# Radio Wiring Question



## adamgsx (Apr 11, 2004)

I've been looking everywhere online, but I can't find how to wire an aftermarket radio into the stock system. I know no one makes a harness for it.
I thought I wired it up right using the back of the stock radio as a guide, but no sound will come from any speakers.
Does anybody know what might be the problem? Or have a pinout for the colors?
Thanks
Adam
86 5k CS Turbo NQ


----------



## Ancilllary00 (Jun 14, 2003)

*Re: Radio Wiring Question (adamgsx)*

I will check for you later on, but do remember that there is an amp mounted in the trunk that also has to have power to/from. http://****************.com/smile/emthup.gif


----------



## adamgsx (Apr 11, 2004)

*Re: Radio Wiring Question (Ancilllary00)*

I just ran new wires straight back from the radio and omitted the factory amp.

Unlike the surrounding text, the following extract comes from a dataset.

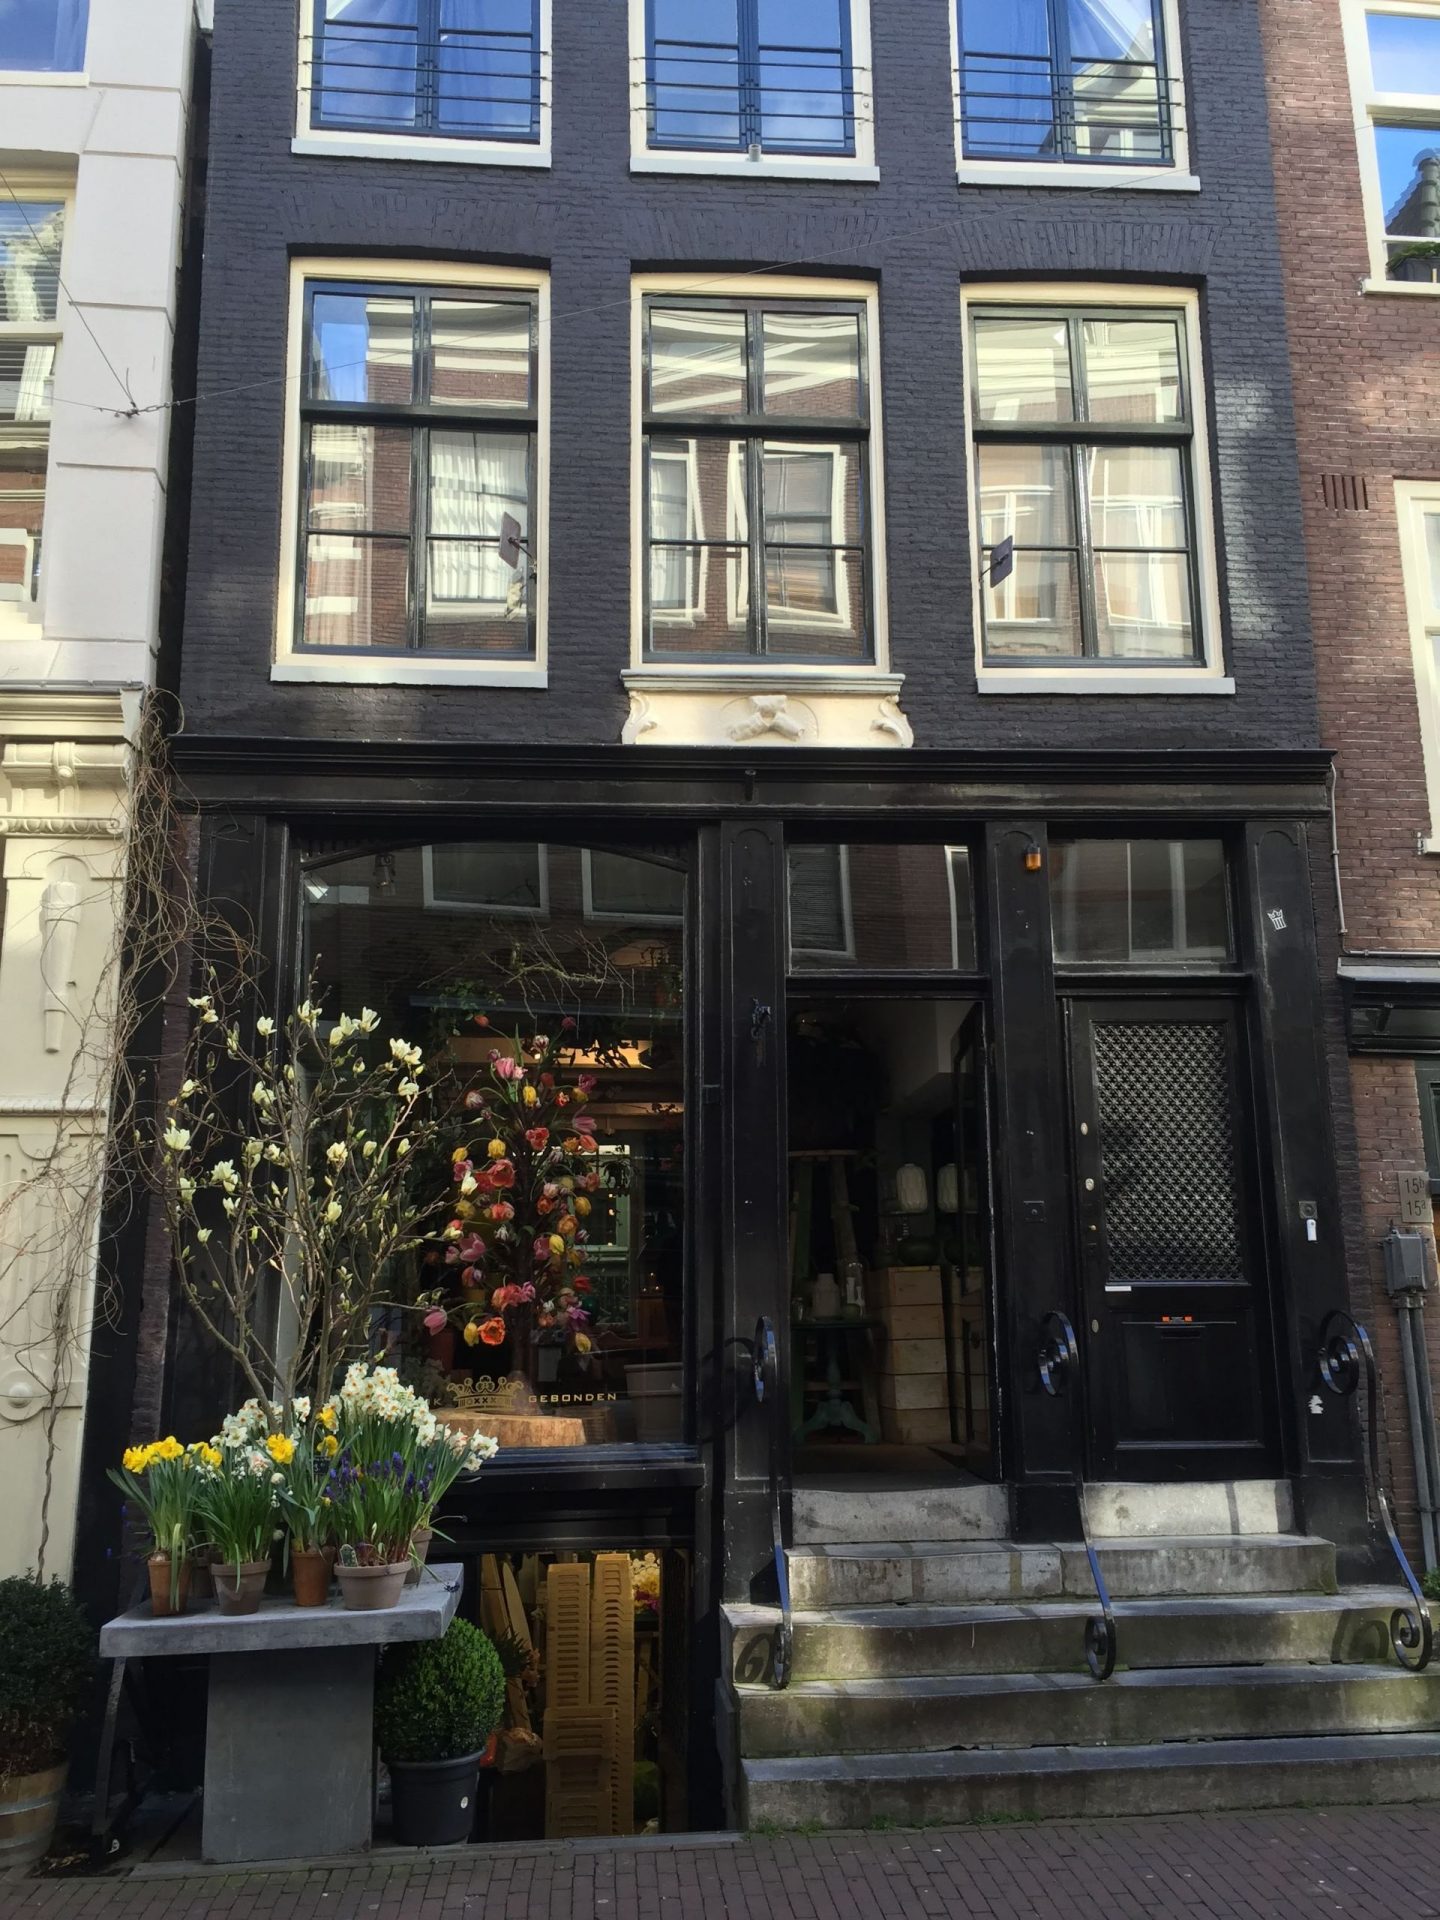 Shops in the Jordaan, Amsterdam

It's pretty easy in that car, just pop off some plastic door stills, move the carpet back and lay down the wires.
Thanks though, I still have no idea what half of the wires on that old amp do, but it doesn't matter now, lol.


----------



## Ancilllary00 (Jun 14, 2003)

*Re: Radio Wiring Question (adamgsx)*

I have the schematic for them i just have to dig out the old betly and blow the dust off of them.. glad to see another ohio audi owner. if your interested and or dont know about this..: http://www.ohiovw.com
theres a few audi owners on there myself included


----------



## vtbound200qt (Jun 27, 2004)

*Re: Radio Wiring Question (adamgsx)*

Adam
Actually, there is a wiring harness that can be had for under 20.00 at circuit city, problem is that you have to either remove the amp built in or shift the fader fwd so that your new stereo does not get overloaded
If anyone know how to hook a sony radio up so that it supports the dash display I would be eager to hear about that (89 QT200)
Good Luck
David


----------